In 2020, Netflix announced their Studio API and GraphQL Federation to overcome the complexity of developing the API aggression layer. Netflix explained the two-fold goal of GraphQL Federation is to provide a unified API for consumers and give backend developers flexibility and service isolation.
Essentially, the architecture of a GraphQL is to provide a gateway layer that brings together different federated services into one unified API endpoint. Further, it allows teams to independently build and operate their domain graph services while connecting the domains under a unified GraphQL schema. This is why the Content Engineering at Netflix has been transitioning several services to use a federated GraphQL platform.
Netflix explained the three core entities of the graph as movie, production and talent. Separate engineering teams independently own these:
- Movie: Every title in the data is a Movie object.
- Production: Each Movie is associated with a Studio Production. The production object tracks factors integral to making a Movie, such as the shooting location, vendors, and more.
- Talent: These are the people working on the Movie, like the actors, directors, etc.
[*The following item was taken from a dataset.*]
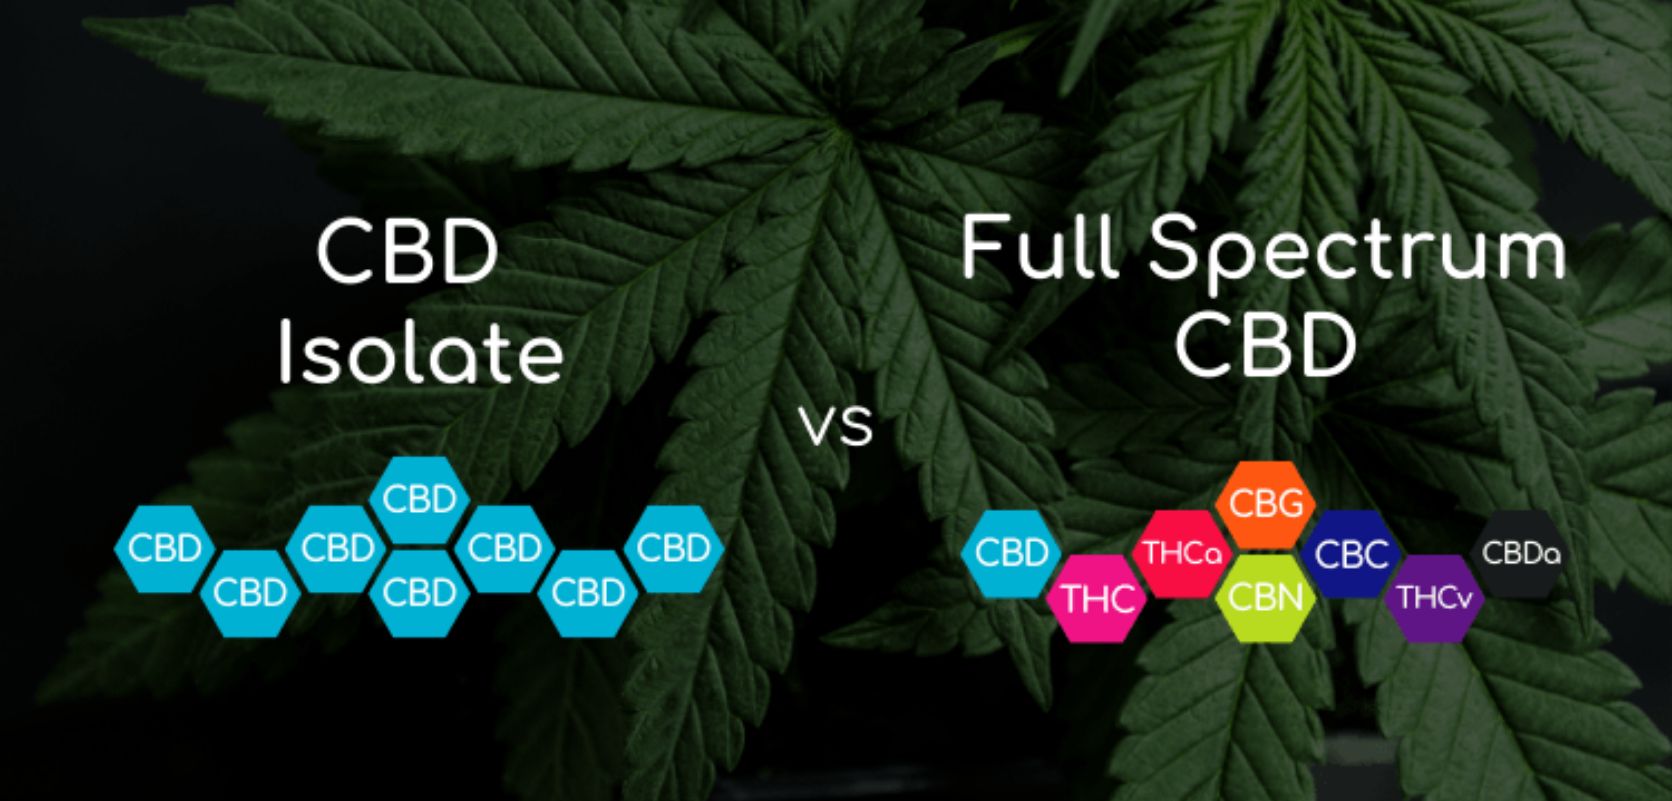 As we touched on earlier in this guide, let's take another moment to spotlight the fundamental differences between full-spectrum CBD and CBD isolate.
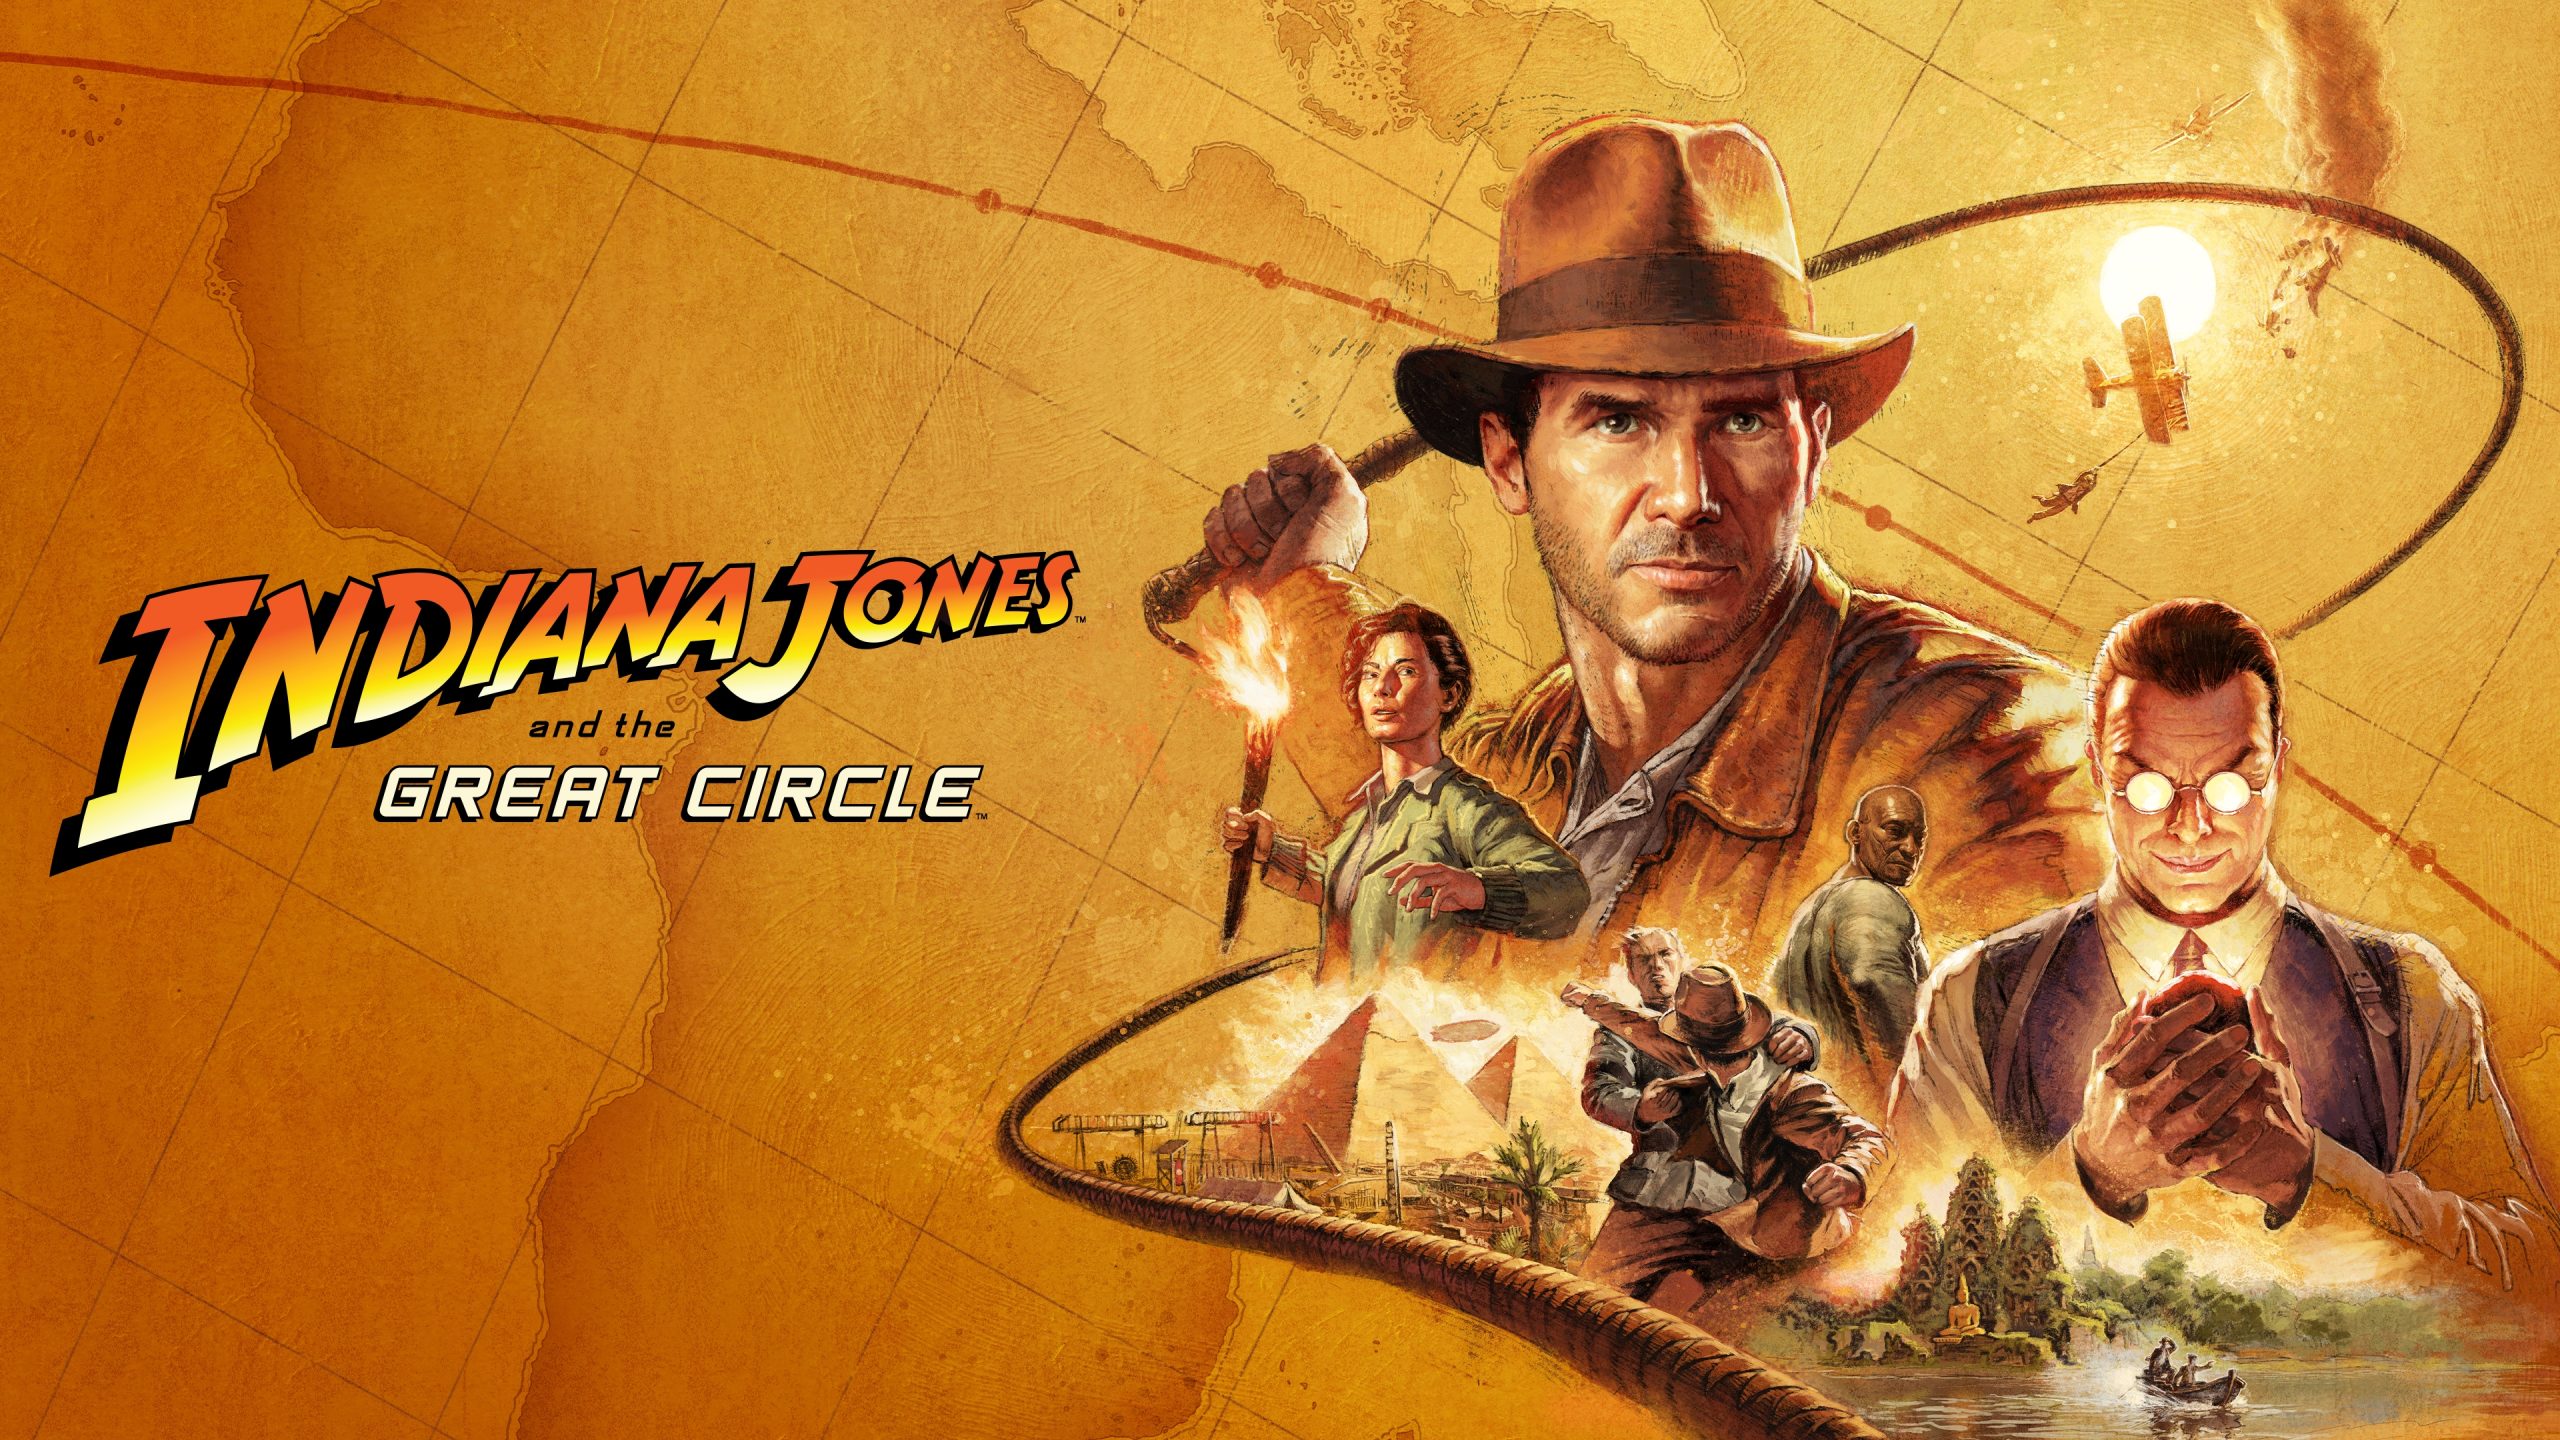 Indiana Jones & the Great Circle on PS5 in 2025

These entities are made available in the graph. Following this, the teams need the ability to query for a particular entity based on attributes of related entities. For instance, they may want to search for all movies currently being produced with actor Ryan Reynolds. This is the problem of making a federated graph searchable. As a solution, Netflix created Studio Search.
Netflix Studio Search
The Studio Search platform takes a portion of the federated graph and makes it searchable. The portion is a subgraph rooted in an entity of interest that would be queried with text input, filtered, ranked, and faceted. This was done with Elasticsearch as the underlying technology.
The team considered three essential factors in building their index pipeline.
- The definition of the subgraph of interest is the primary search
- Events that notify the platform of changes to entities in the subgraph
- Index specific configuration
“In short, our solution was to build an index for the subgraphs of interest. This index needs to be kept up-to-date with the data exposed by the various services in the federated graph in near-real-time,” said the Netflix engineering team. GraphQL enables this by providing a straightforward way to define the subgraph through a single templated GraphQL query. The query pulls all of the data the user is interested in using their searches.
The ‘Change Data Capture’ events trigger the reindexing operation for individual entities when they change, ensuring the index is up to date. Netflix’s teams leverage Netflix’s CDC connectors. Consequently, the federated graph would fetch all the data indexed, making the factors needed in the events an entity id. When substituted into the GraphQL query template, this id fetches the entity and related data. Elastic search, the underlying technology, is used to create text analysers that can be generalised across domains. The type information from the GraphQL query template and user-specified index configuration are leveraged.
Finally, a Data Mesh pipeline is created based on these inputs. A more recent concept, data mesh is decentralised architecture, marking an organisational shift in the way enterprises manage big data. It solves the challenges of lack of ownership of data and lack of quality data and removes bottlenecks to encourage organisational scaling. Data mesh treats the data as a product. Each source has a data product owner, who could ideally be part of the cross-functional team of data engineers. At Netflix, the mesh consists of the user-provided CDC event source, a processor to enrich those events using the user-provided GraphQL query, and a sink to Elasticsearch.
Image source: Netflix
Netflix’s Studio applications produce events to schematised Kafka streams within Data Mesh in the architectural process. It does so in two ways. First, it processes by transacting with a database monitored by a CDC connector that creates events. Alternatively, it directly creates events using a Data Mesh client. These schematic events are consumed by Data Mesh processors implemented in the Apache Flink framework. A union processor is used to combine data from multiple Kafka streams when entities have multiple events. Next, a GraphQL processor executes the user-provided GraphQL query to fetch documents from the federated gateway. In turn, the federated gateway fetches data from the Studio applications. Lastly, the information fetched from the gateway is put onto another schematised Kafka topic. Then, it is processed by an Elasticsearch sink in data mesh, indexing it into Elasticsearch index – configured with an indexing template personalised for the fields and types present in the document.
Movies are always changing, be it production or talent detail change. The reverse lookup feature is a solution to update the model when a change to a related entity is made. The model looks up all the primary entities that could be affected by the change to reflect the alternations. It then triggers events for the entities. The model does so by consulting the index and querying for all primary entities that may be related. The pipeline also observes a change to the Production, “with ptpId “abc”; we can query the index for all documents with production.ptpId == “abc” and extract the movieId,” the team explained. Later, the movieId is passed down into the rest of the indexing pipeline. The team also revealed this feature to be convenient yet not user friendly.